Sent from my iPad using Tapatalk


----------



## Moper361 (Dec 15, 2018)

jdedmon91 said:


> You made the tool holders or just the cam screw? The cam screw is a neat idea
> 
> 
> Sent from my iPad using Tapatalk


Made the tool holders as well I have access to a water jet cutter so cut the basic billet then milled the rest .


----------



## jdedmon91 (Dec 15, 2018)

Moper361 said:


> Made the tool holders as well I have access to a water jet cutter so cut the basic billet then milled the rest .



Well I’m impressed. Great work


Sent from my iPad using Tapatalk


----------



## Moper361 (Dec 15, 2018)

jdedmon91 said:


> Well I’m impressed. Great work
> 
> 
> Sent from my iPad using Tapatalk


Thanks ,It took me a whole day on my Chineseium mill drill to turn them out but well worth the effort in the end .


----------



## Old Mud (Dec 15, 2018)

Very nice, hey i'll be 80 in 6 months . If you start right after our Dad's are through you could have mine done in time.  Add account


----------



## Moper361 (Dec 15, 2018)

Old Mud said:


> Very nice, hey i'll be 80 in 6 months . If you start right after our Dad's are through you could have mine done in time.  Add account


Haha thanks Mud ,good to know you can still be tinkering at 80 ,my father is just finishing of machining a new hydraulic cylinder for one of my elder brothers press ,my father is all seft taught left school at 11 and was put to work on our farm in Western Australia were he spent all his life working and taught himself all the tricks of the trade .


----------



## T Bredehoft (Dec 15, 2018)

I'll hit  80 in six weeks, can you get mine done by the end of January? 

Just kidding, but a print with dimensions,  would be nice. I can probably carve one out to fit my (expected) PM 1022 Lathe.


----------



## Moper361 (Dec 15, 2018)

T Bredehoft said:


> I'll hit  80 in six weeks, can you get mine done by the end of January?
> 
> Just kidding, but a print with dimensions,  would be nice. I can probably carve one out to fit my (expected) PM 1022 Lathe.


I am  sorry Bredehoft I could only do a rough sketch to give you ideas ,Most of my builds I usually wing it and go with what my gut feeling and mind tells me ,All I have at the moment is a cardboard template for the cutting out of the basic tool holder shape .I will try and draw it up by hand best I can that will give you the basics


----------



## T Bredehoft (Dec 15, 2018)

Moper361 said:


> I will try and draw it up by hand



That would be great, Private Message me when it's satisfactory to you. 

Does the cam lock when turned counter clockwise so as to tighten when in use?


----------



## Moper361 (Dec 15, 2018)

T Bredehoft said:


> That would be great, Private Message me when it's satisfactory to you.
> 
> Does the cam lock when turned counter clockwise so as to tighten when in use?

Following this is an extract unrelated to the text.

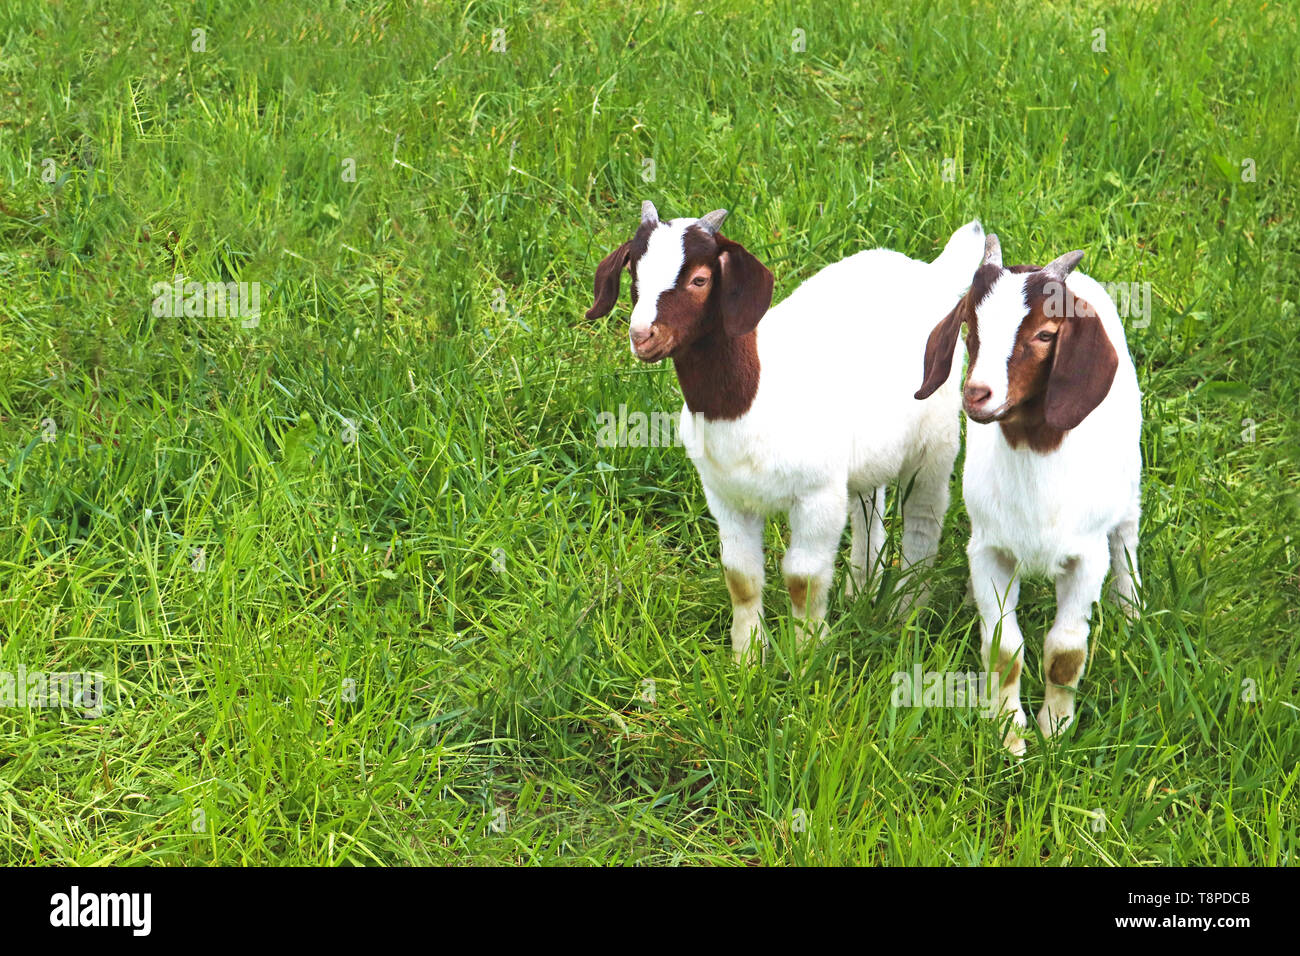 Zwei Boer kid Ziegen Seite an Seite auf einer grünen Weide Stockfoto

You turn the cam into the lower section of hss bit so as it pushed the tool steel into the thicker part of the wedge .Also this provides a bit of a mistake factor if the tool grabs it will simply try and undo the cam rather than tighten it .I have don some pretty heavy cuts with one of them and in normal operation it does not move .3.5 mm cut feeding by hand 
There is also plenty of clearance on the bolt head when facing . not the best pictures but you will get some idea


----------



## T Bredehoft (Dec 15, 2018)

That's an awesome cut. Looking forward to your sketch, I'll  try to  make it work.  I needed an inspiration. 

Tom


----------